Pourquoi un système de santé publique ?
Notre critique des incohérences des autorités politiques et de santé durant la crise du Covid doit se fonder sur des revendications pour un système public de santé global, comme fondement d’une société juste et solidaire.
En Allemagne, en Autriche, aux Pays-Bas, des mouvements d’extrême droite conduisent les manifestations publiques contre les autorités. Si les manifestant·e·s recouvrent un spectre assez large et expriment d’autres tendances idéologiques (naturalistes et religieuses notamment), et un grand désarroi face aux errements des politiques sanitaires, le dénominateur commun reste majoritairement une méfiance par rapport au secteur public et une adhésion à une approche individualiste ou économiciste des questions sanitaires. Par exemple, en Suisse, onze conseillers·ères nationaux·ales non-vacciné·e·s sur douze sont membres de l’UDC.
Ces mouvements défendent une idéologie néolibérale classique en s’opposant à toute intervention publique dans un domaine considéré comme relevant principalement, voire exclusivement, du domaine privé.
En évoquant les « ségrégations », les mouvements anti-vaccins ignorent les conditions sociales. Or le temps et les conditions de travail, la motivation et le sens du travail, les déplacements professionnels, l’aménagement du territoire sont des composantes majeures de notre état de santé. Mêmes observations pour les conditions de logement et d’alimentation, le revenu réel, les loisirs et le temps libre. Le cadre d’une politique publique de santé dépasse donc largement le cadre du choix individuel d’un médecin, d’un médicament … ou d’une terrasse ! Les grandes ségrégations restent avant tout sociales et ne se réduisent pas à un état individuel, ou à la « liberté » ou au « droit » de choisir.
L’exemple du NHS
Lorsque le nouveau système de santé public (NHS) a été créé au Royaume-Uni en 1948, il introduisait les principes suivants : répondre aux besoins de chacun·e ; être entièrement gratuit et être basé sur les besoins médicaux et non sur la capacité du·de la patient·e à payer.
À partir de ce modèle, plusieurs aspects sont à considérer : prévention, soins, recherche, contrôle par les employé·e·s.
1 La prévention, dans une politique de santé holistique devrait être basée sur la multitude d’éléments qui entrent en ligne de compte : la prévention médicale, l’état de santé général (l’alimentation, le travail, le logement, les loisirs, le temps libre), l’éducation permanente sur tous les aspects scientifiques des maladies, du système immunitaire, de l’histoire des sciences (avec leurs réussites et leurs échecs), l’accès libre aux publications scientifiques, l’étude des différentes écoles médicales (« traditionnelles » et « alternatives » pour simplifier).

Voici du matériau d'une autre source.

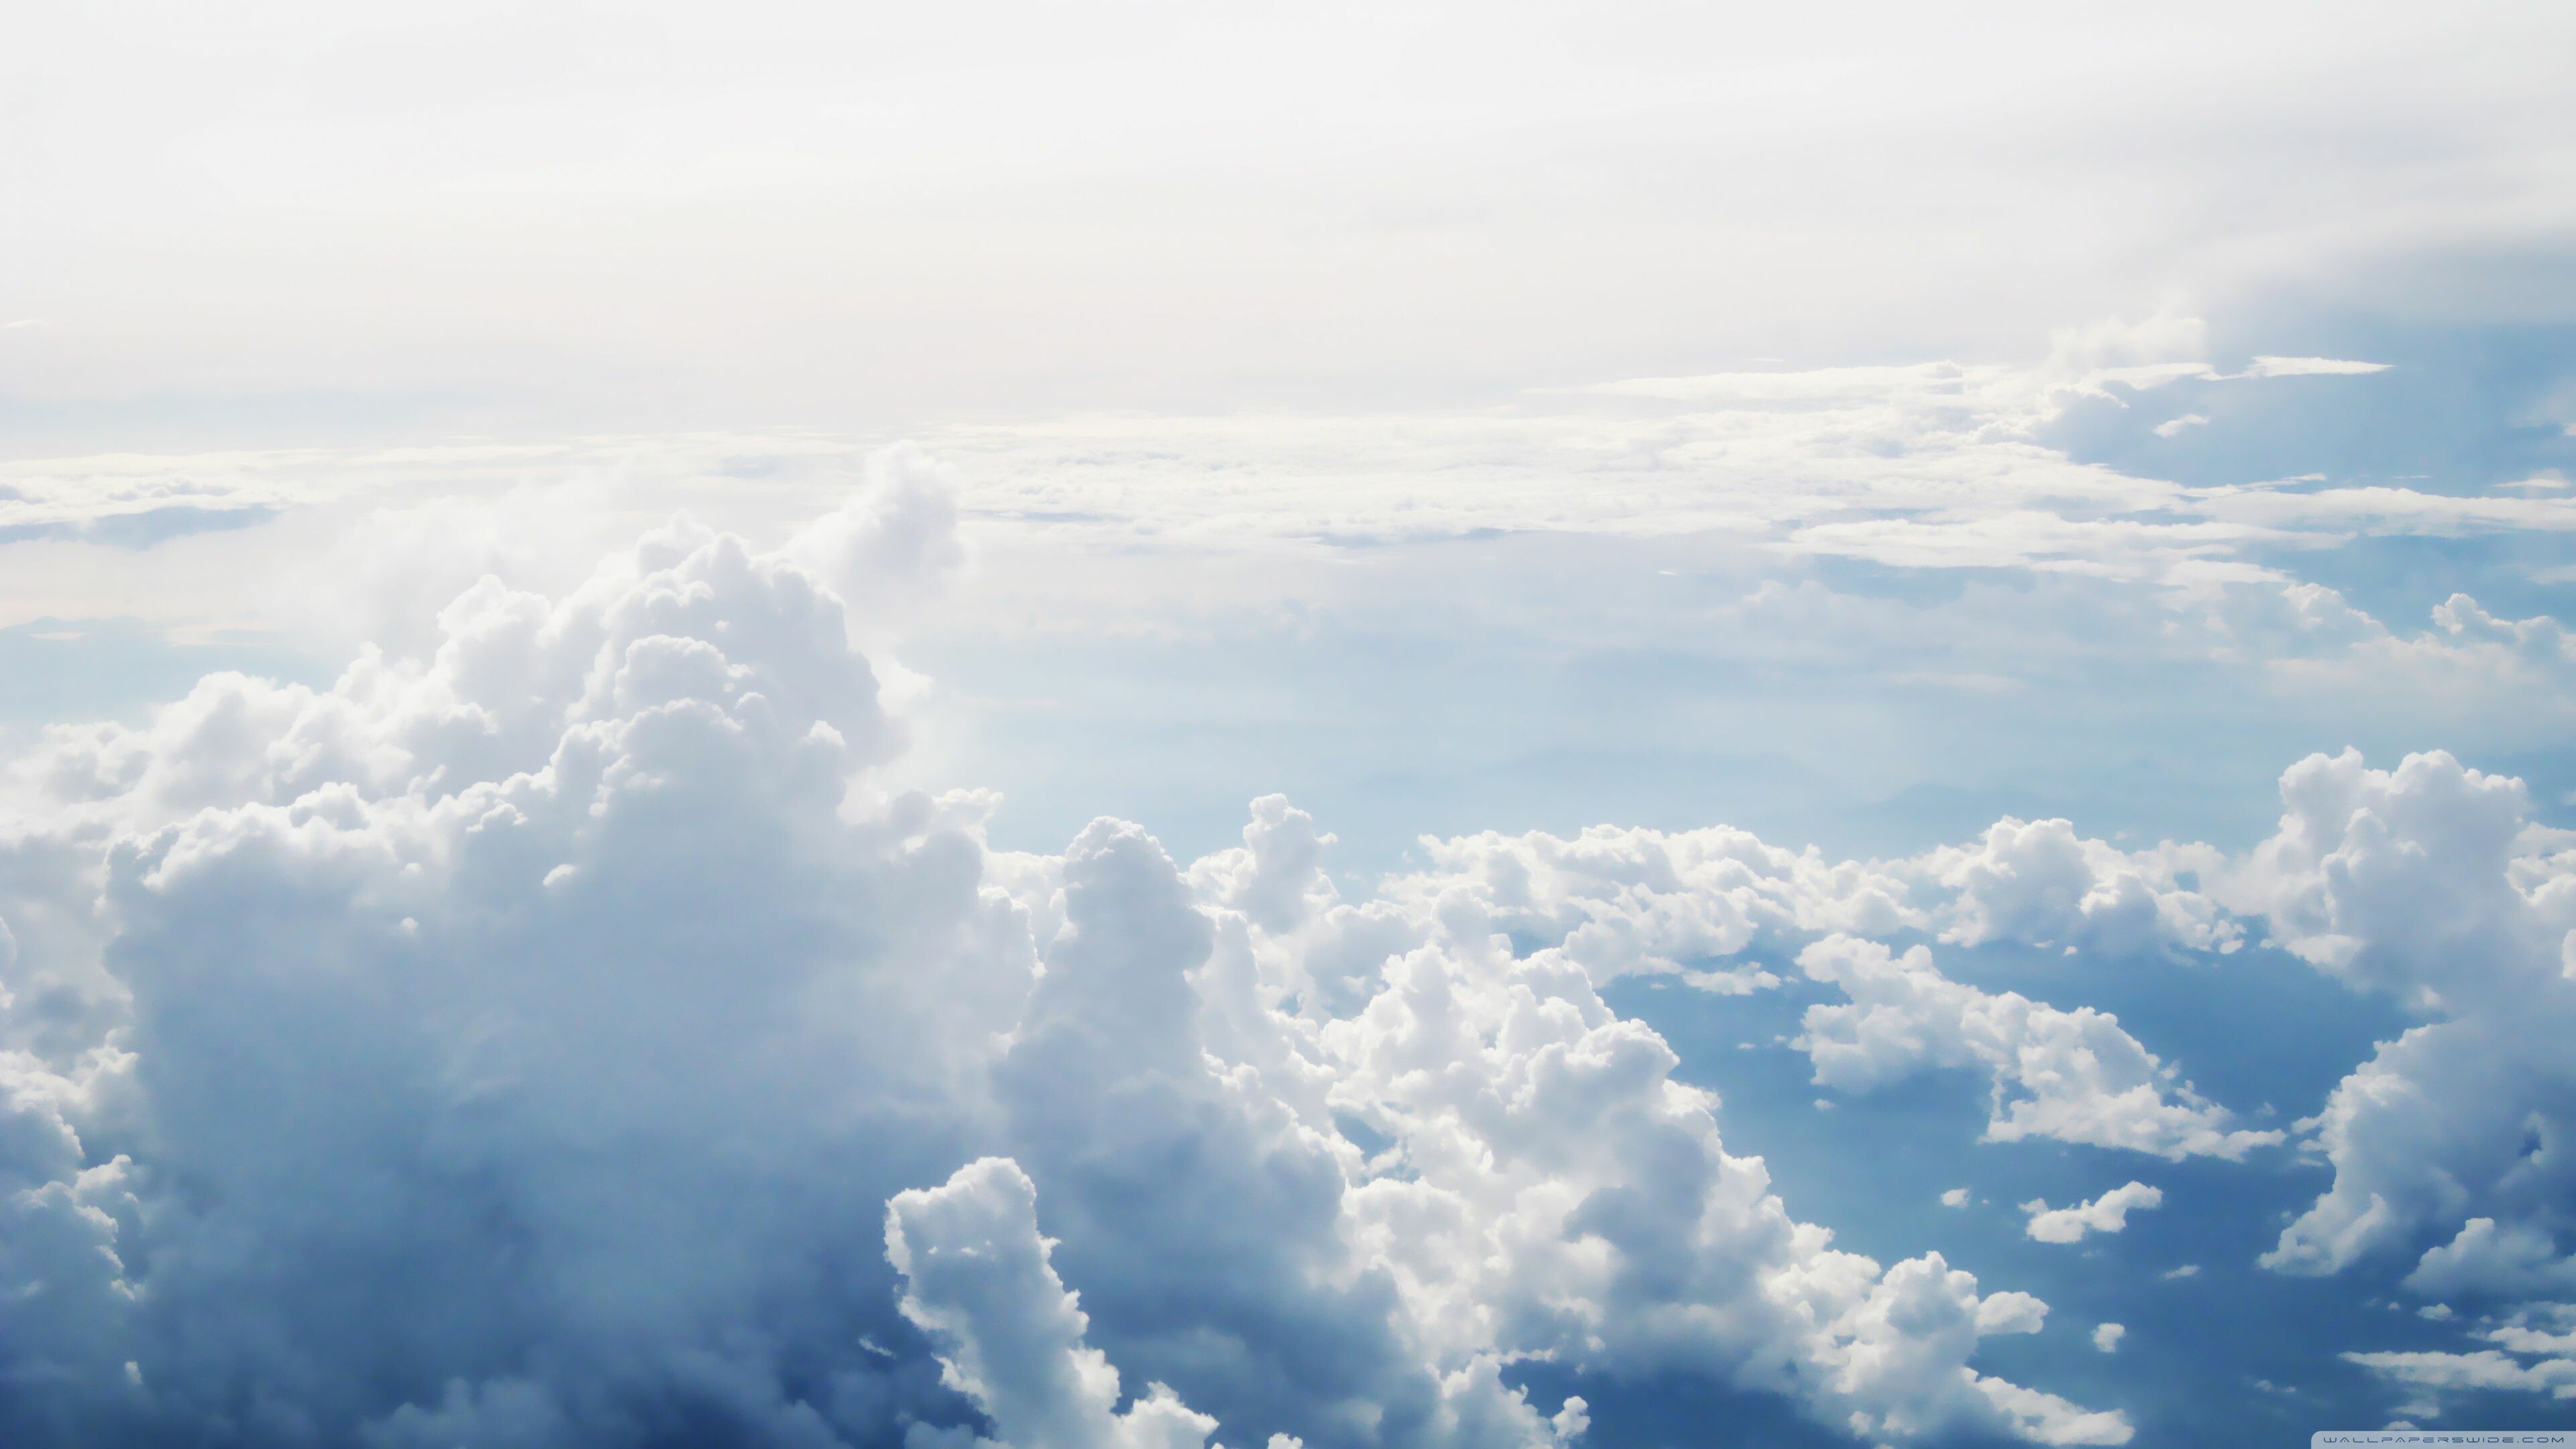 11 Best Clouds wallpapers for iPhone (Free 4k download) - iGeeksBlog

2 Les soins nécessitent un grand nombre d’infrastructures médicales (dispensaires, hôpitaux, pharmacies) et services (soins à domicile, centres psycho-sociaux) avec un maillage géographique très proche de toutes les populations. Ces infrastructures doivent bénéficier d’un personnel qualifié suffisant, bénéficiant de bonnes conditions de travail et d’une formation continue. Les soins ne doivent pas être appliqués avec une logique industrielle de rationalisation et d’économies. L’usage des médicaments et leurs traitements doivent également être transparents et ouverts à la critique en tenant compte des diverses expériences historiques.
3 Le contrôle public des finances et la planification de toute l’industrie médicale (médicaments, équipements, recherche) est indispensable pour sortir tous ces secteurs vitaux de la logique du profit privé et permettre de définir et planifier des priorités. Cela doit s’accompagner par la fin des brevets, par une transparence complète sur toutes les recherches ainsi que l’intégration d’autres médecines et d’autres sources de connaissances que celles issues des grands laboratoires. La fin de la recherche et de la fabrication des armes chimiques et bactériologiques libérerait aussi d’immenses ressources à réattribuer à la santé et éviterait de grands risques sanitaires.
4 L’extension des droits des travailleurs·euses des secteurs de la santé, de l’industrie pharmaceutique et chimique rendraient possibles des contrôles étendus et permanents de la production, ce qui permettrait d’agir de manière préventive sur la préservation de l’environnement et de la biodiversité, la pollution de l’air, des eaux, de la nourriture et de l’habitat. Ainsi serait garanti un contrôle public plus large de toute la population.
À l’évidence, les oppositions vaccinales d’extrême droite ne peuvent être combattues par des arguments médicaux et de santé publique, ou par une information accrue. Si ces groupes demeurent numériquement trop importants, l’éradication de n’importe quel virus est impossible. Cela représente une menace sanitaire. S’imposera alors l’obligation de vaccination. L’Autriche et l’Allemagne se préparent déjà à l’appliquer.